Agents move the bottleneck from creation to evaluation.

That does not mean the operator should read every generated word slowly. It means the operator needs a review system that finds the places where judgment matters: truth, fit, tradeoffs, risks, taste, and decision readiness.

In the agent era, review is not cleanup. Review is the leverage point.

Review before polish

The wrong review sequence starts with grammar, formatting, and tone. That creates review theater: polished errors, clean hallucinations, tidy but useless artifacts.

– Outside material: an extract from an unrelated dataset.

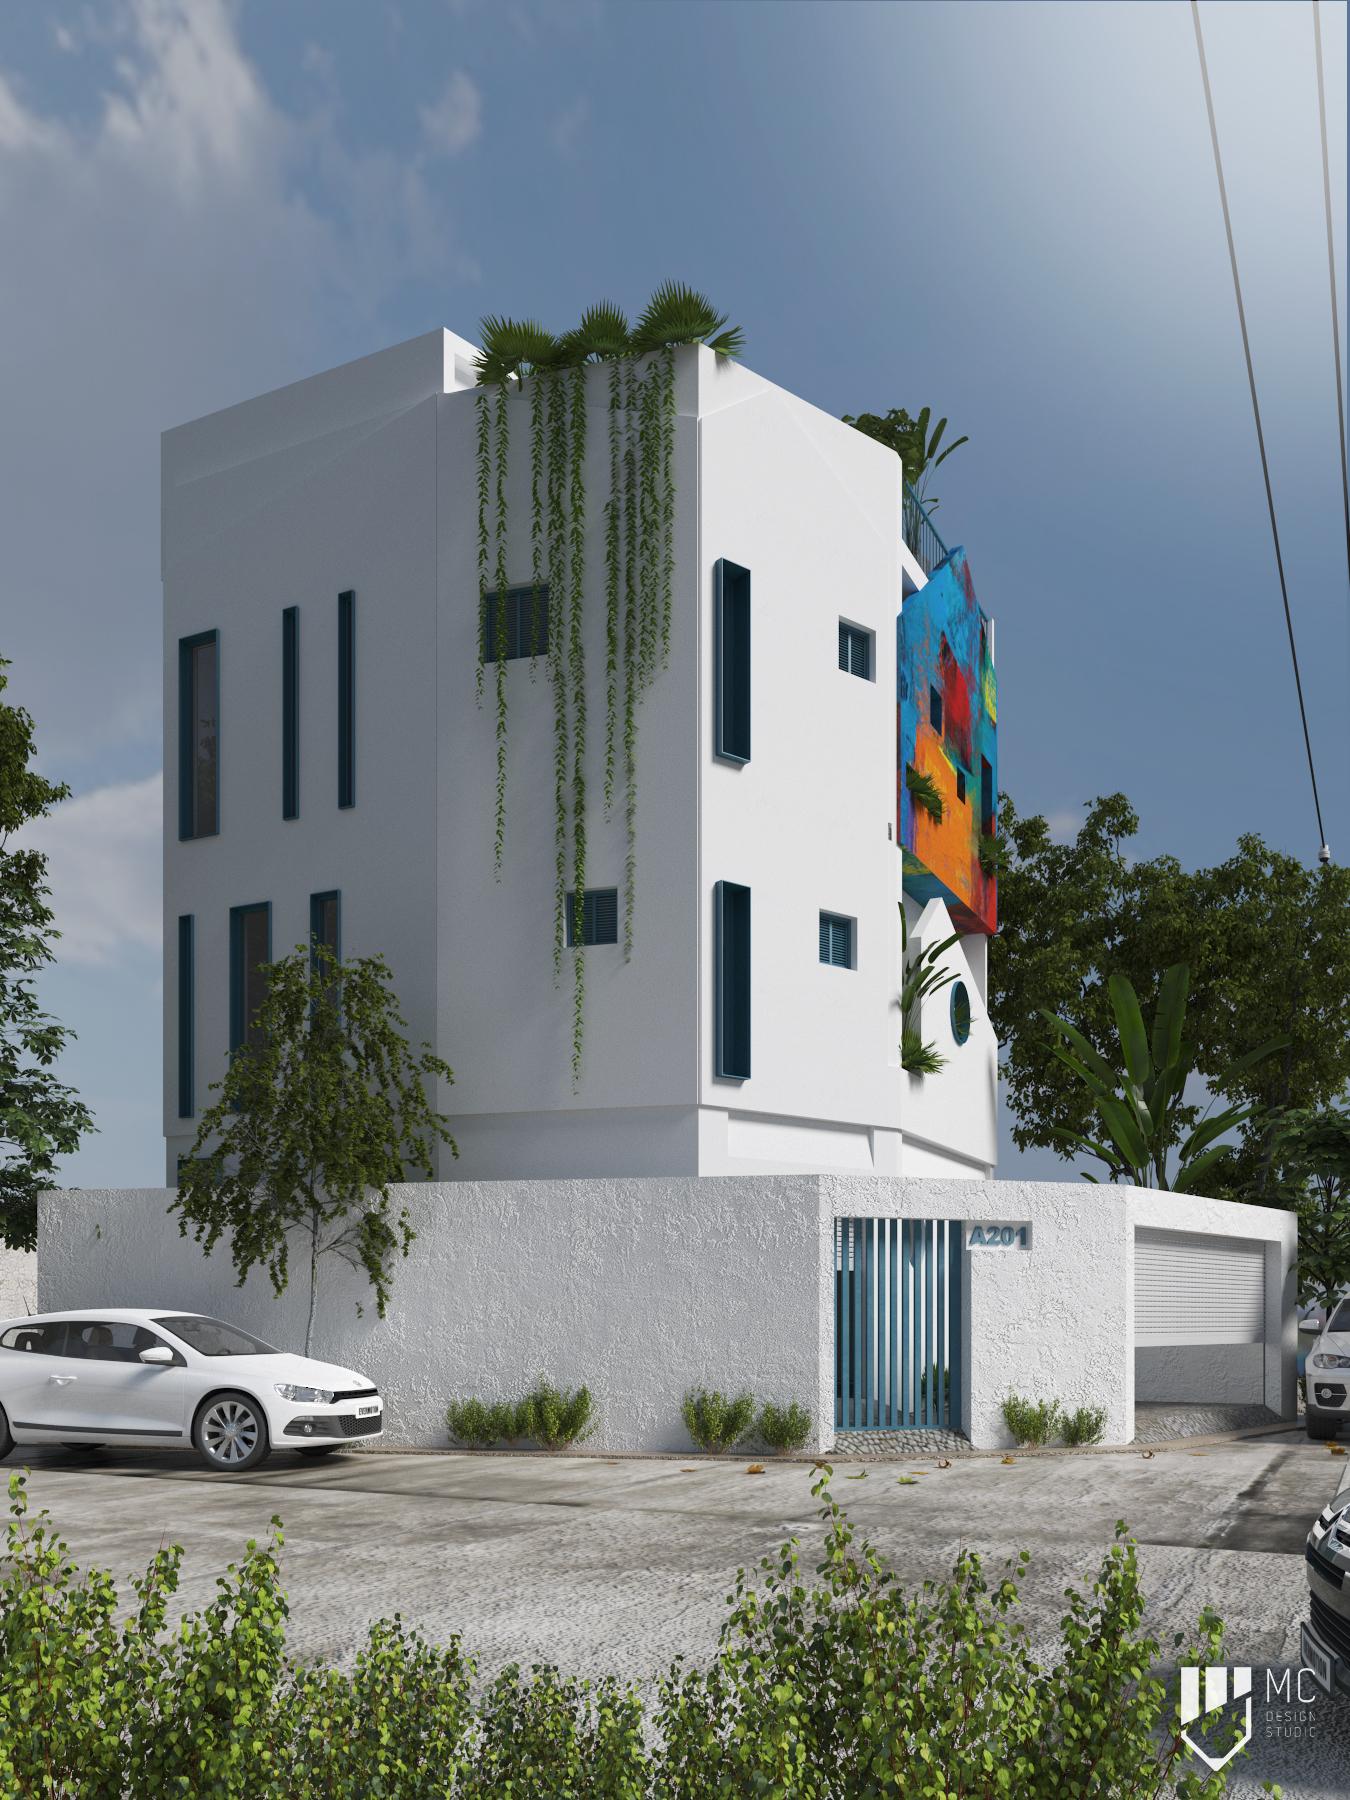 Thiết kế Nhà Mặt Phố tại Hồ Chí Minh T.H.S HOUSE 1588586224 2

Use this sequence instead:

  1. Source fidelity: Which claims are grounded? Which claims need evidence?
  2. Outcome fit: Does the output answer the actual brief or merely the literal instruction?
  3. Assumptions: What did the agent assume without saying so?
  4. Contradictions: Does it conflict with source material, prior decisions, or itself?
  5. Tradeoffs: What cost, risk, or second-order effect is missing?
  6. Usefulness: Can the intended reader, user, or decision-maker act on it?
  7. Boundary check: Did the agent attempt anything outside scope?
  8. Decision: accept, revise, split, escalate, discard, or archive.
  9. Polish: only now fix language.

The order matters. If you polish first, you become attached to material that may not deserve to survive.

Review protocol

For any meaningful agent output, ask:

  • What claim would embarrass us if it were false?
  • What did the agent avoid deciding?
  • What changed from the brief?
  • What would break if this shipped?
  • What evidence is missing?
  • What is too generic to be useful?
  • What is the smallest acceptable version?
  • What should be escalated to a human before action?

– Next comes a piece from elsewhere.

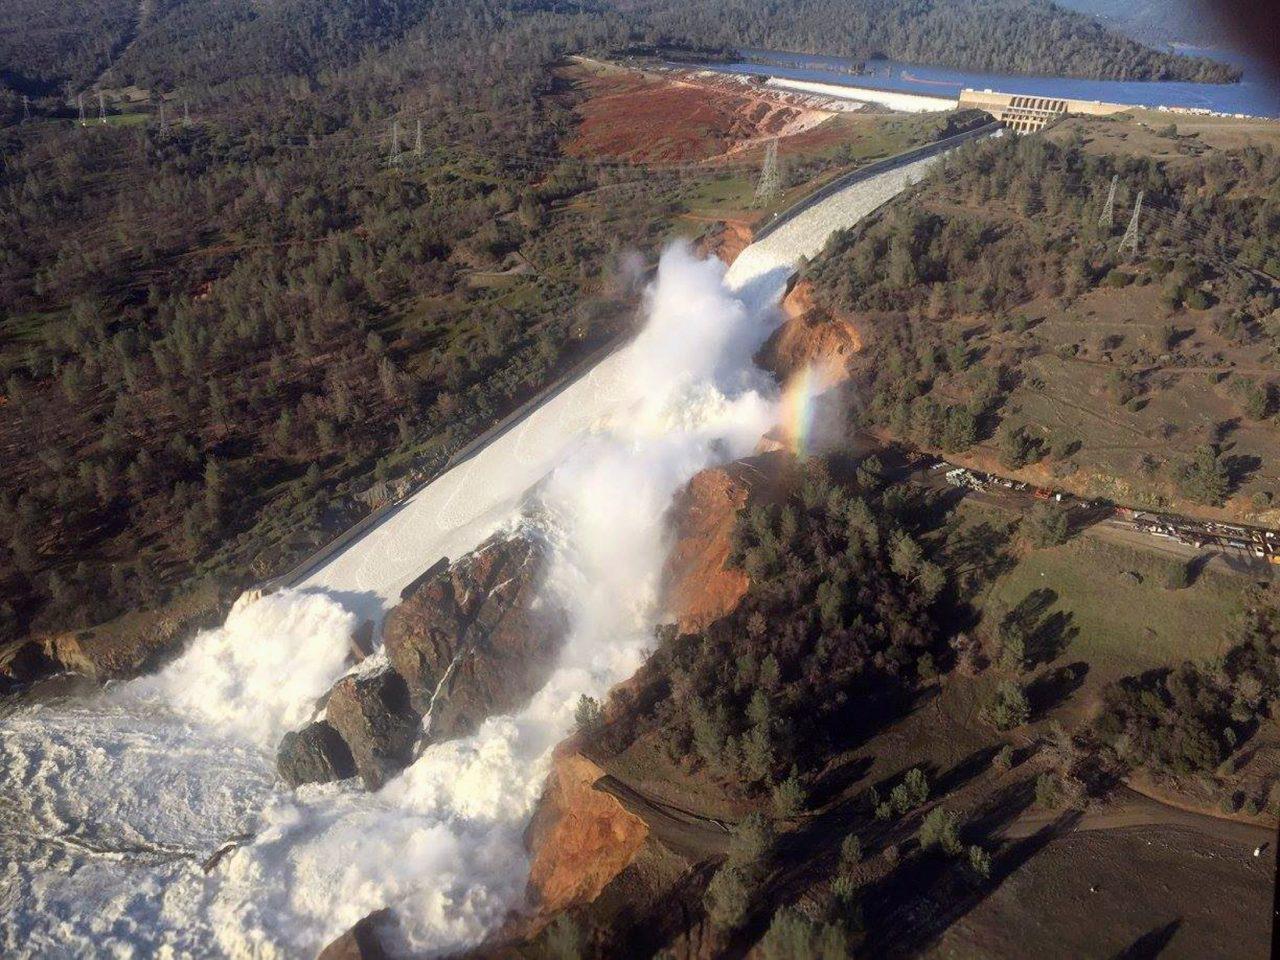 fragma-kalifornia-epsase-fragma-ipa-1300-2 Εκκενώθηκε η περιοχή γύρω από το μεγαλύτερο φράγμα των ΗΠΑ [εικόνες & βίντεο]

The goal is not to punish the agent. The goal is to keep reality contact.

Review artifacts

Good operators leave review traces:

  • accepted/rejected decision;
  • material changes requested;
  • claims requiring evidence;
  • known residual risks;
  • source gaps;
  • next action;
  • memory update if the failure is likely to recur.

This matters because agent workflows compound. If the same review failure happens three times and nothing in the system changes, the operator is not reviewing. They are repeatedly rescuing.

Failure mode

The classic failure is checking style while outsourcing judgment.

The modern version is worse: the operator skims a polished artifact, feels the comfort of completion, and ships work they would never have accepted if a junior human had produced it.

Review is where the super IC earns the leverage they borrowed from the machine.